Blessed Tugi seems to follow his father’s strides. Tugi, like any other youngster, has captivated people’s hearts with his innocent yet hilarious take on life situations.

Since the initial video was released, his YouTube account has amassed over 137K subscribers, making him one of the most followed young talents on the channel.

Many Kenyans may relate to the child’s perspective on everyday difficulties as well as his amusing interactions with his parents.

After joining the platform in August 14, 2020, his channel has garnered a total of 5,330,091 views.

After reaching 100,000 subscribers in December of last year, the three-year-old kid received the YouTube Creator Award, also known as the Silver Plaque. His videos currently have an average of 60,000 views, with the most popular video receiving 200,000 views.

Blessed Tugi: Comedian Njugush’s son making good money on YouTuber

In a recent interview, Njugush stated that his son’s achievement is an inspiration to him, urging other parents to introduce their kids to opportunities from an early age.

YouTube has created the YouTube Kids platform, which offers a kid-friendly version of the site.

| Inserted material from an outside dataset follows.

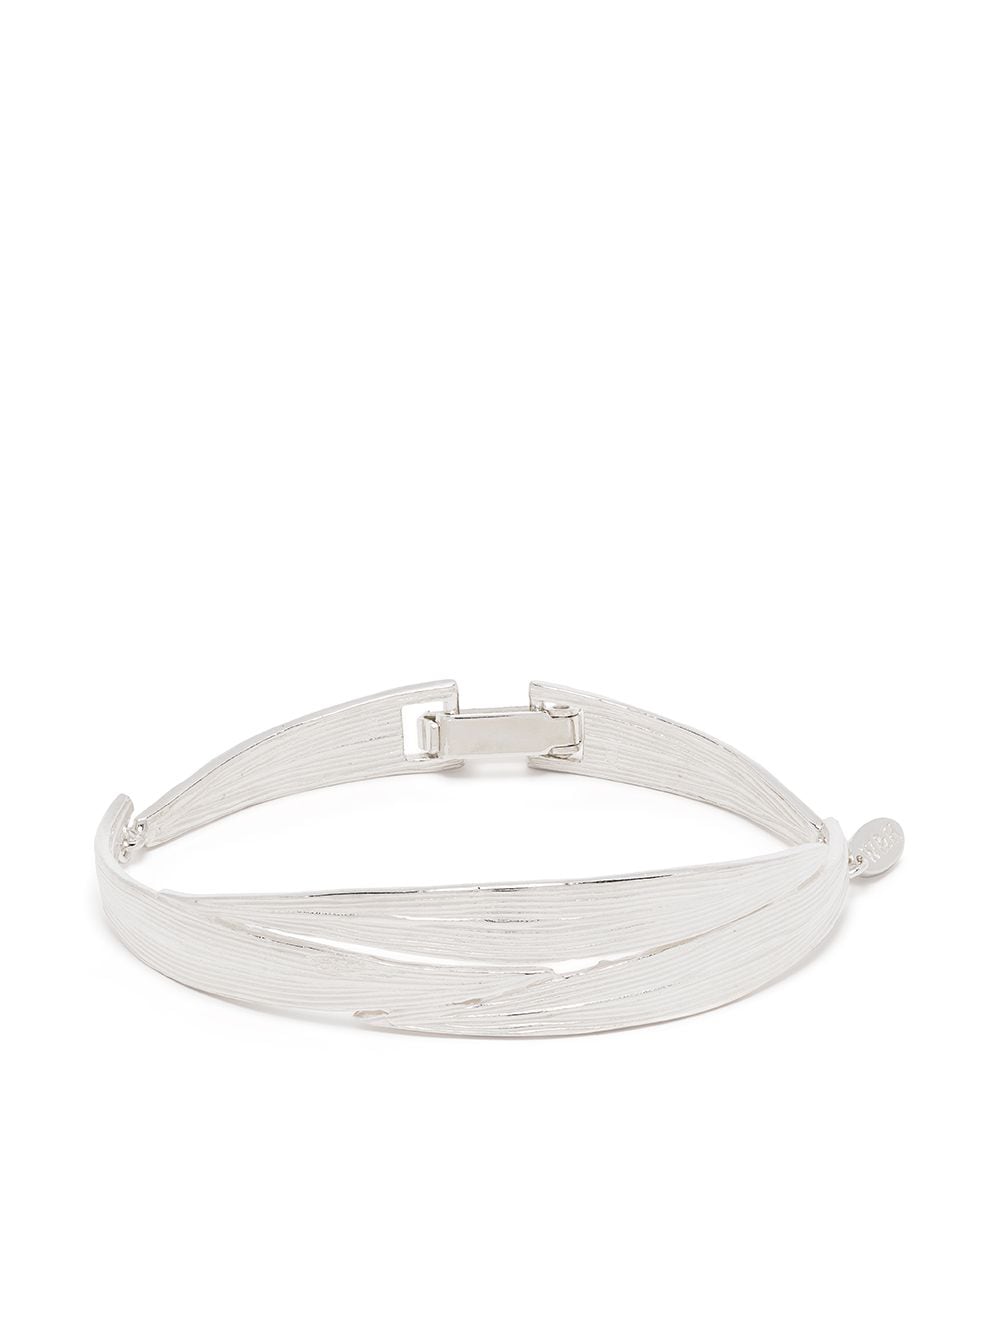 Wouters & Hendrix Voyages Naturalistes bamboo leaf bracelet - Silver von Wouters & Hendrix

The site includes curated material, parental control capabilities, and the filtering of films judged inappropriate for children under the age of 13.

According to Brian Muuo, a digital strategist, YouTube had a large library of children’s entertainment as well as a revenue source for content developers.

“On YouTube for kids, parents can monitor their children’s content and even create channels for their kids basically doing childish things like playing, running and conversing,” he stated.

Ryan, a 7-year-old youngster from the United States, is one of the wealthiest YouTubers, having earned Ksh1.1 billion on his channel.

“The channels can be monetized through ad income and retail sales,” he added.¬†

After a backlash over predatory comments, YouTube decided to temporarily ban comments from films starring children in 2019.

The company claimed at the time that it had created a new technology that would allow it to automatically “detect and eliminate predatory comments.”

A handful of Kenyan media stars have gone so far as to create social media pages for their children, with some claiming to be utilizing the accounts as digital photo albums.

Betty Kyallo’s daughter Ivanna and Bahati’s children are among the children with pages.